▶ **Problem details**: Could you give again exactly, and only, the lines from the one holding "Earth-Moving Machinery SA-300" through the end of the data, both ends included, with pictures left out?

▶ **Raw data**:
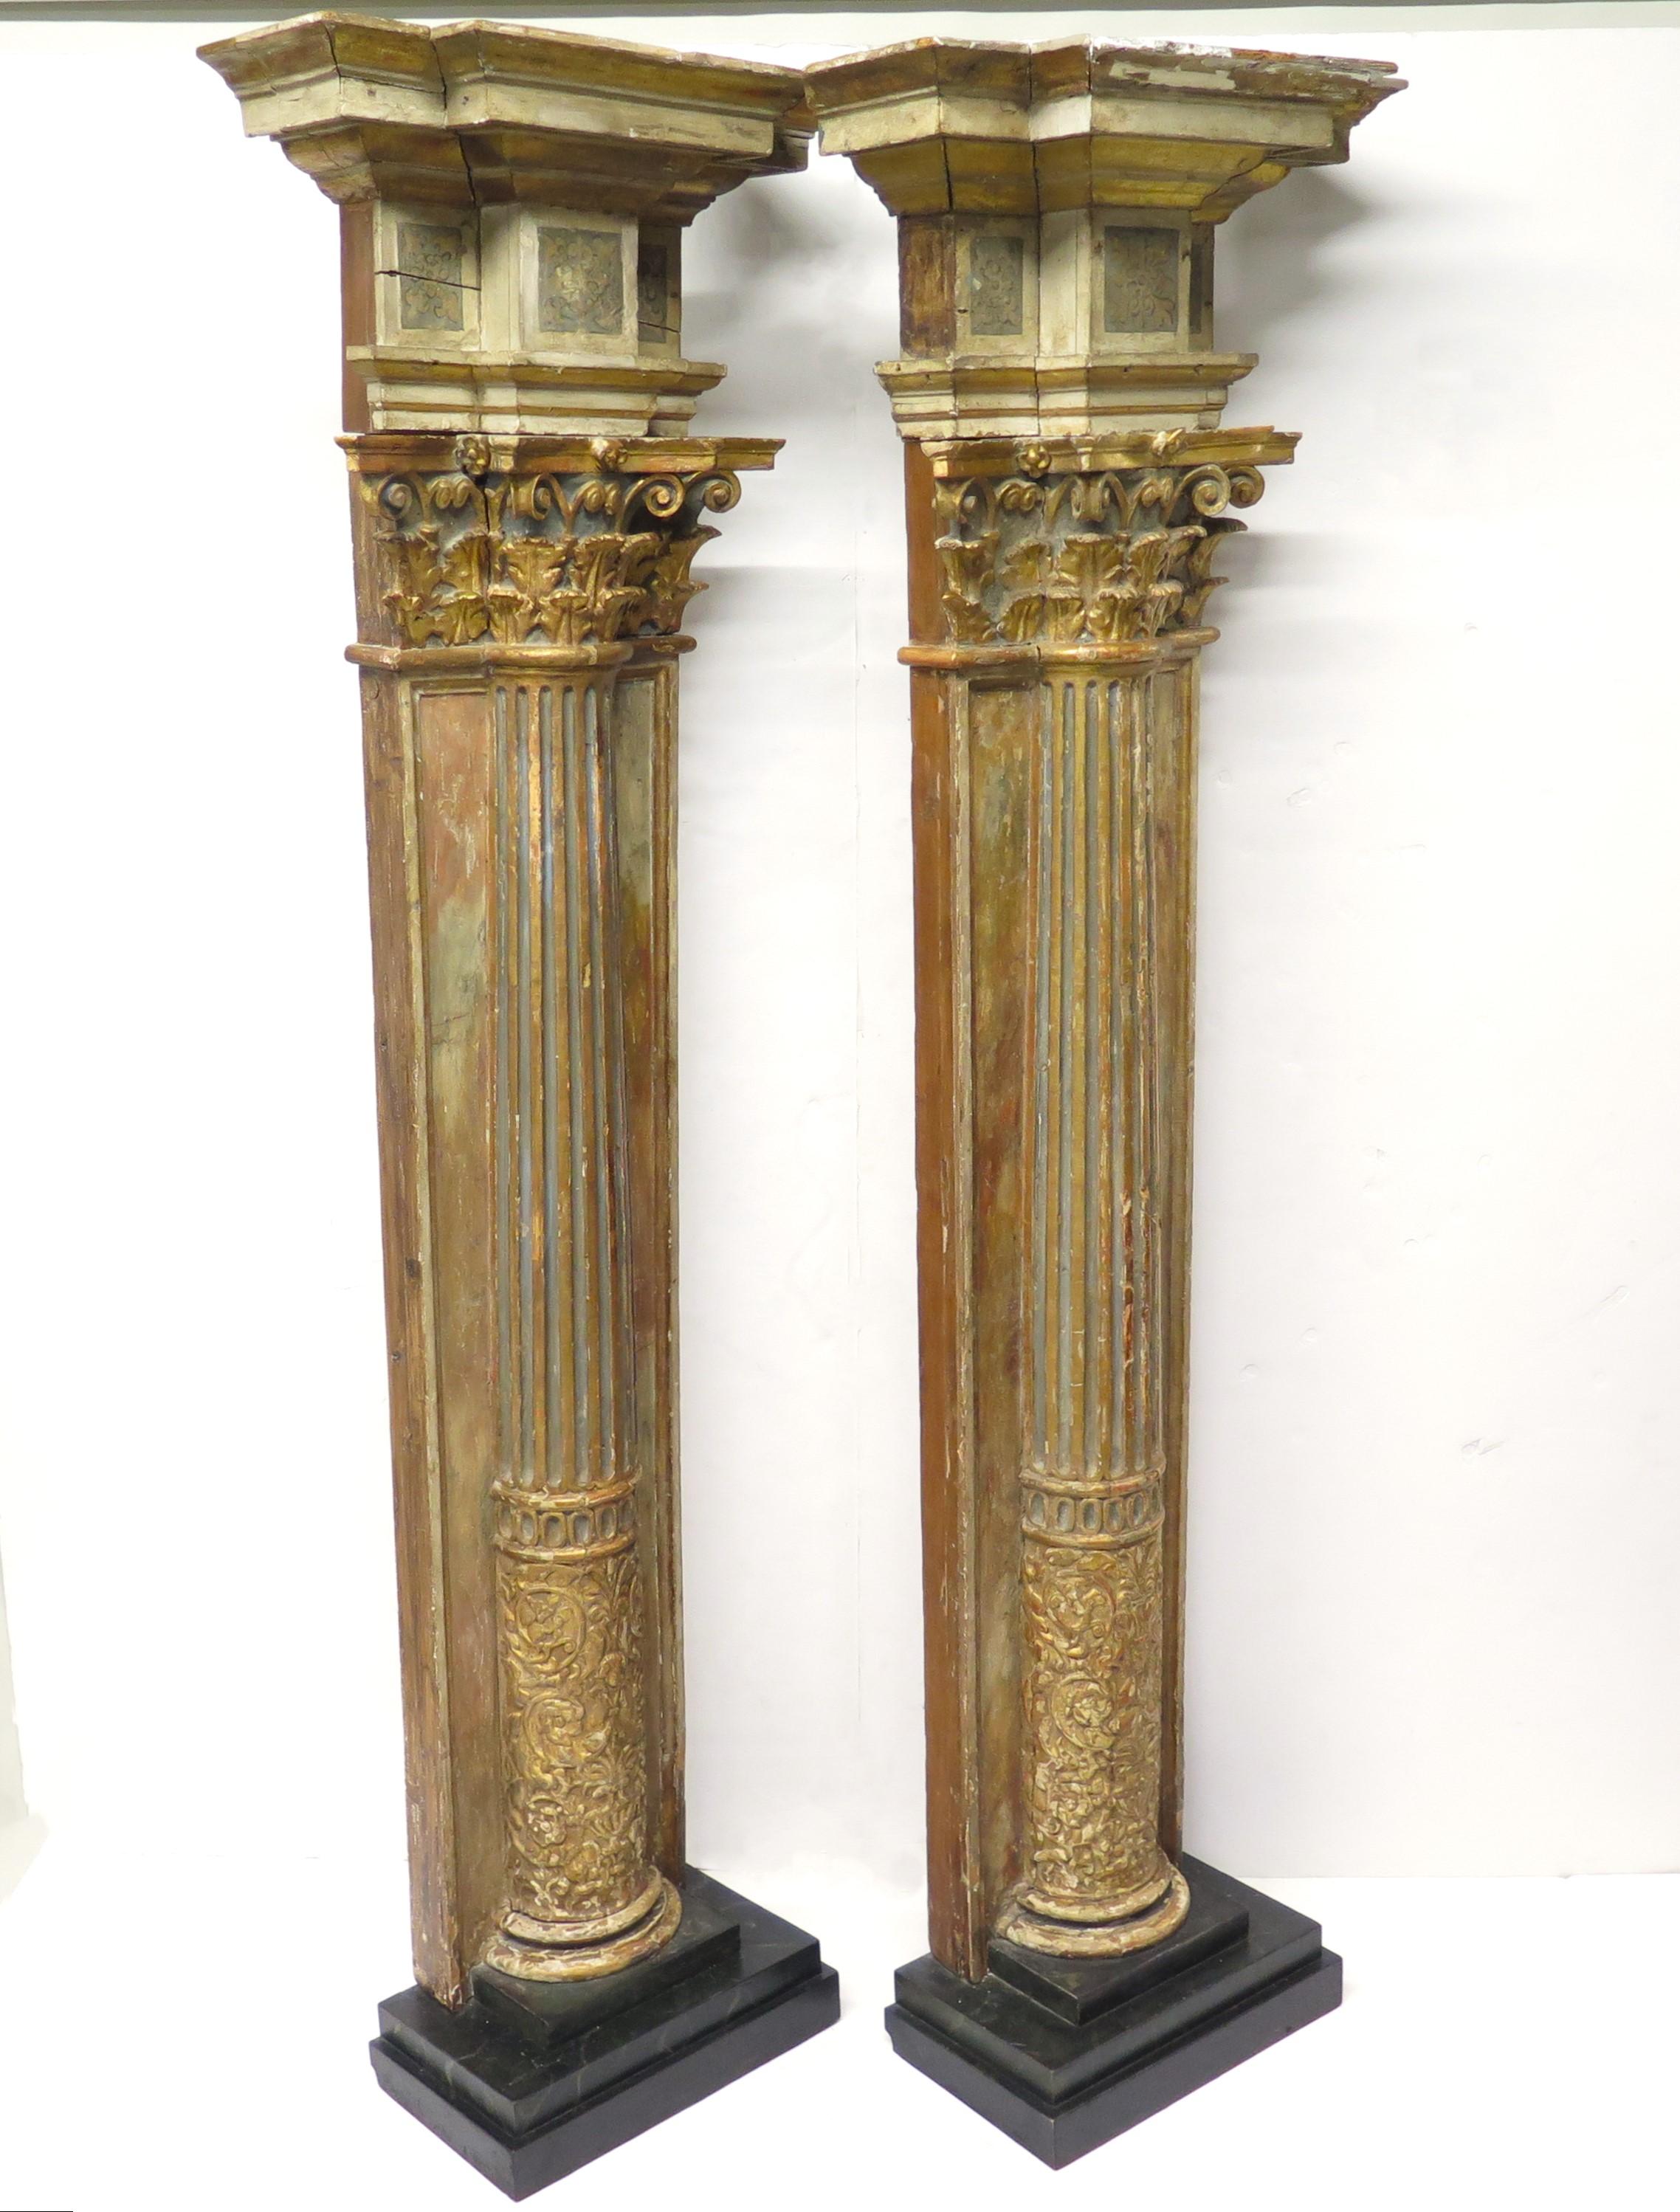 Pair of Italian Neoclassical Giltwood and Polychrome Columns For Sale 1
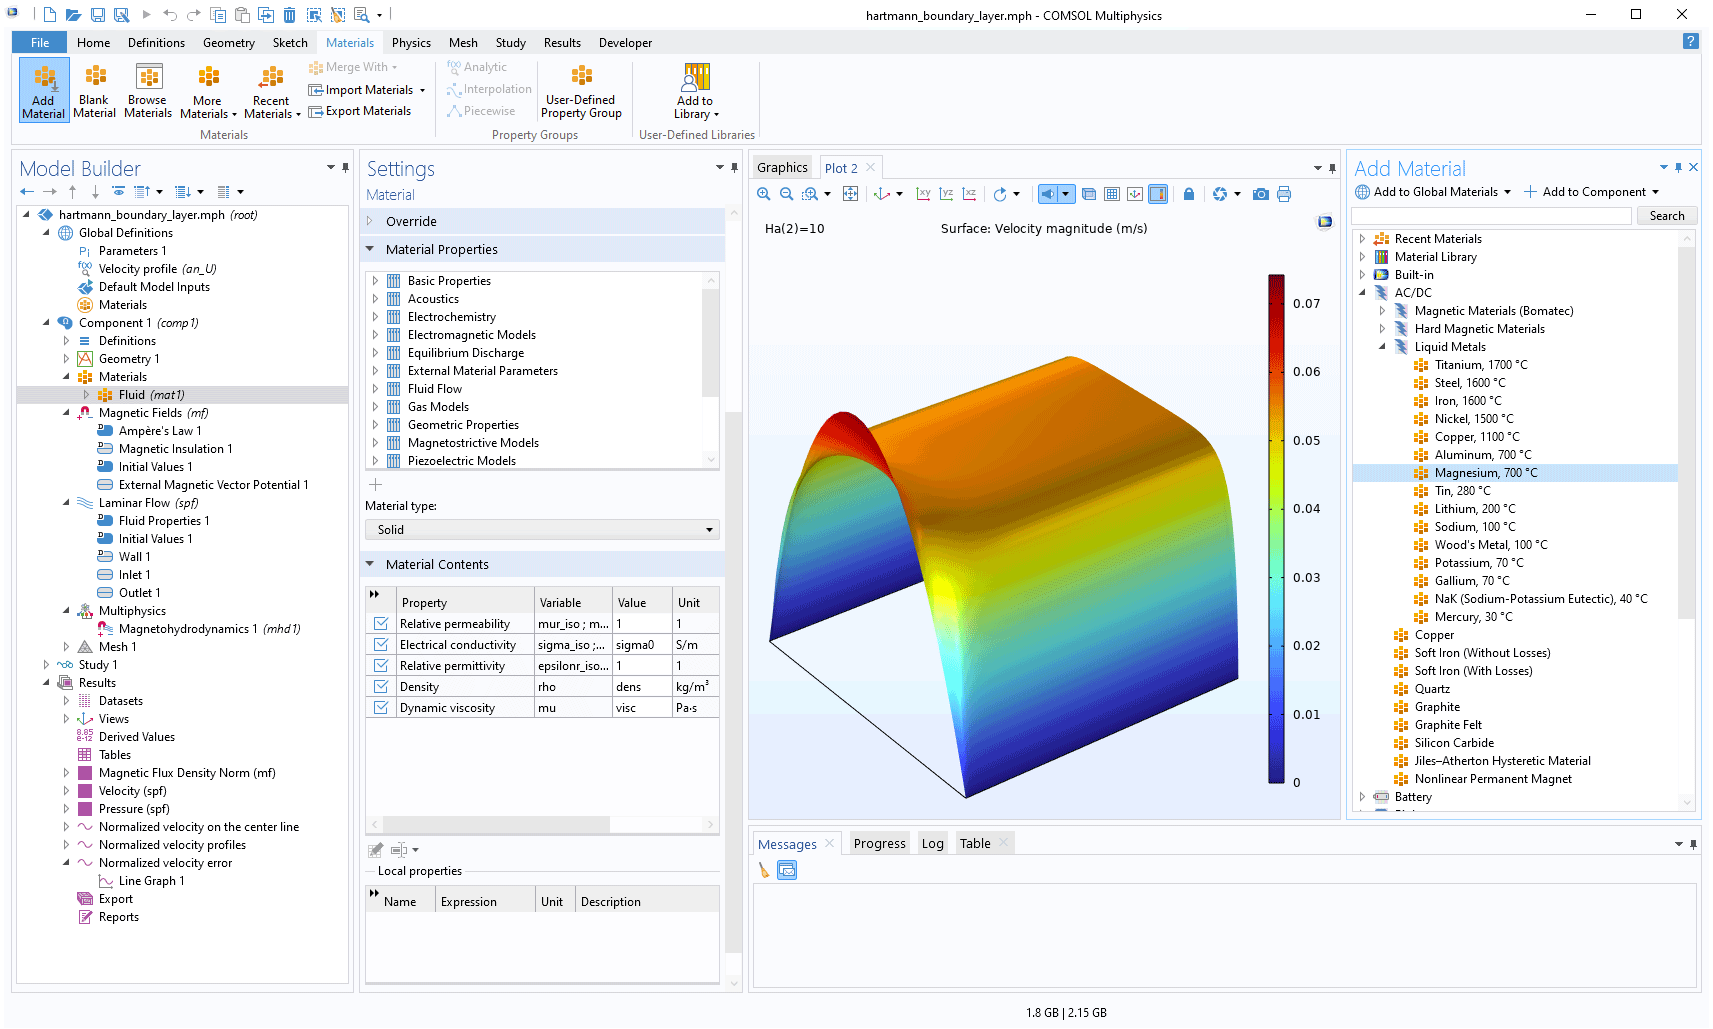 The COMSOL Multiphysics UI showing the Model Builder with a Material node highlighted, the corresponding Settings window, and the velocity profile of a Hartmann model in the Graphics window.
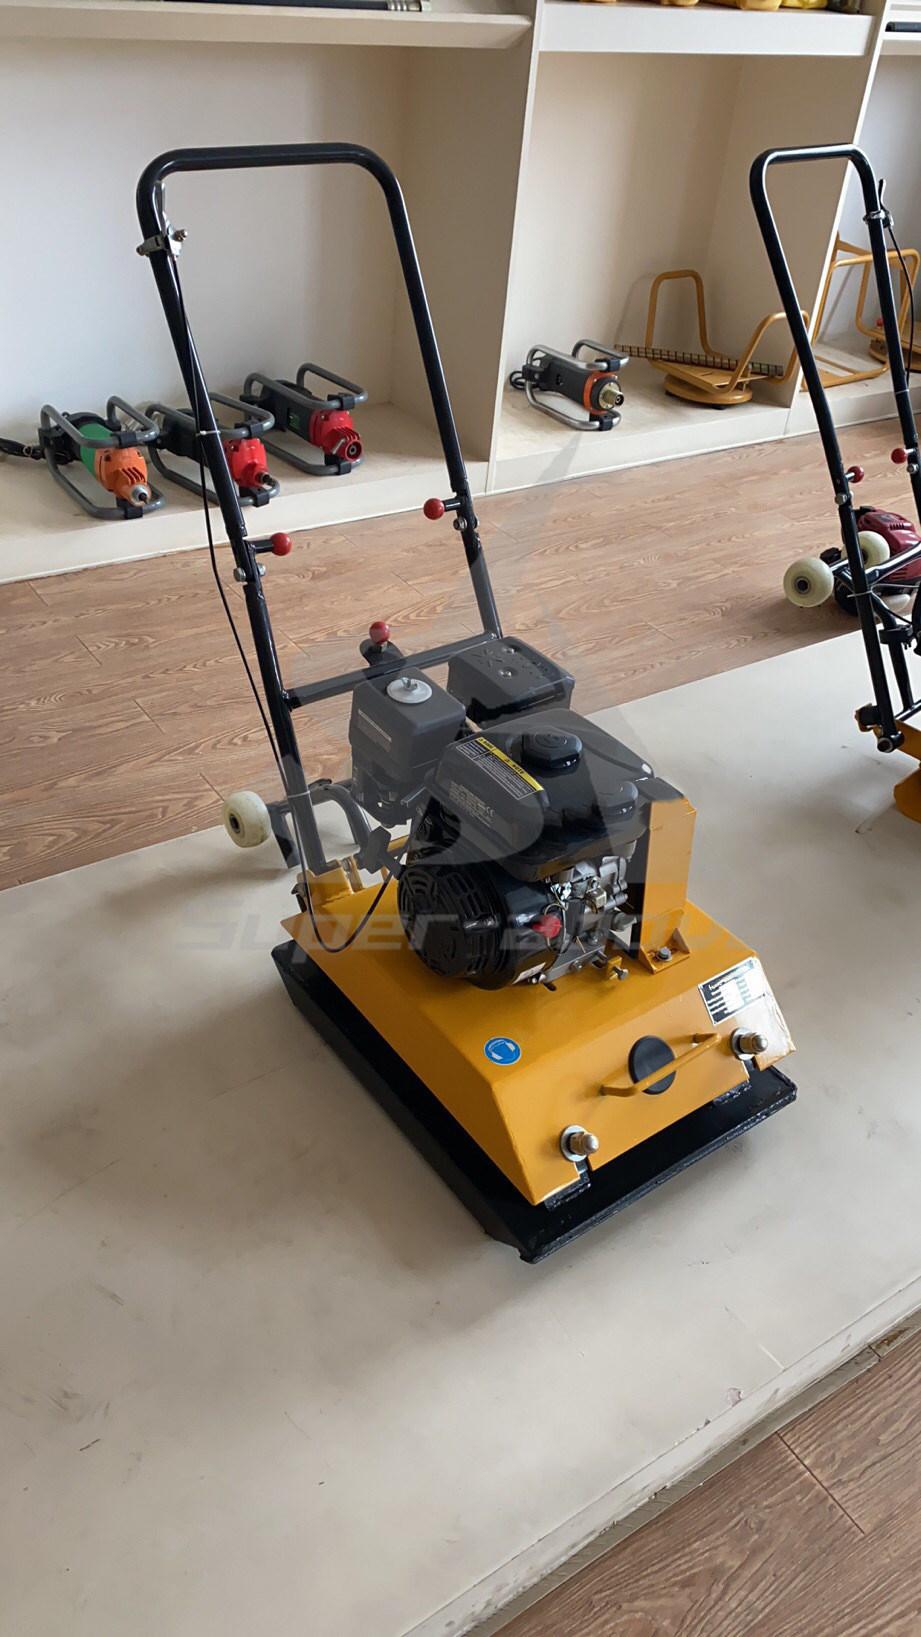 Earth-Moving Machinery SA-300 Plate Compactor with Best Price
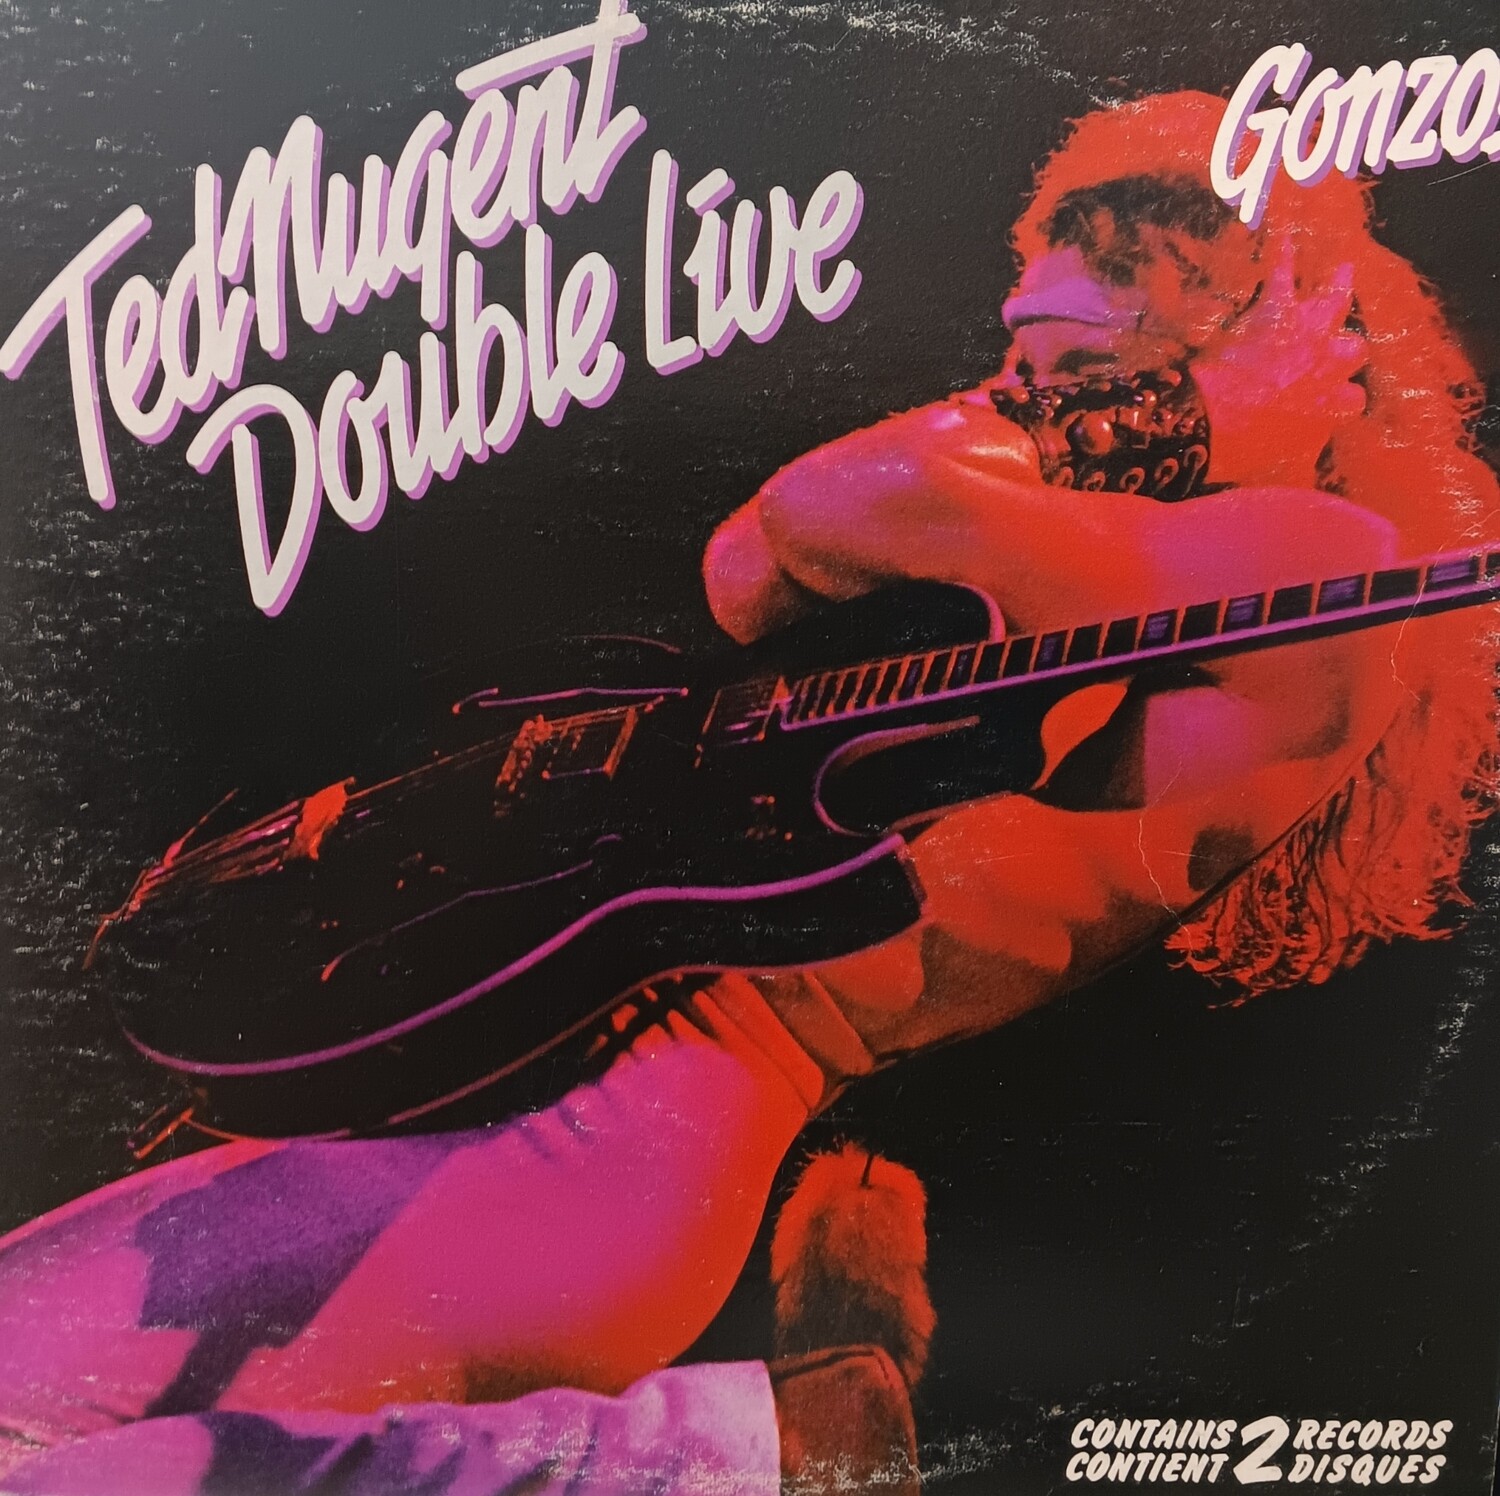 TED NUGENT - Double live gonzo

▶ **Output of the exercise**:
 Earth-Moving Machinery SA-300 Plate Compactor with Best Price
 TED NUGENT - Double live gonzo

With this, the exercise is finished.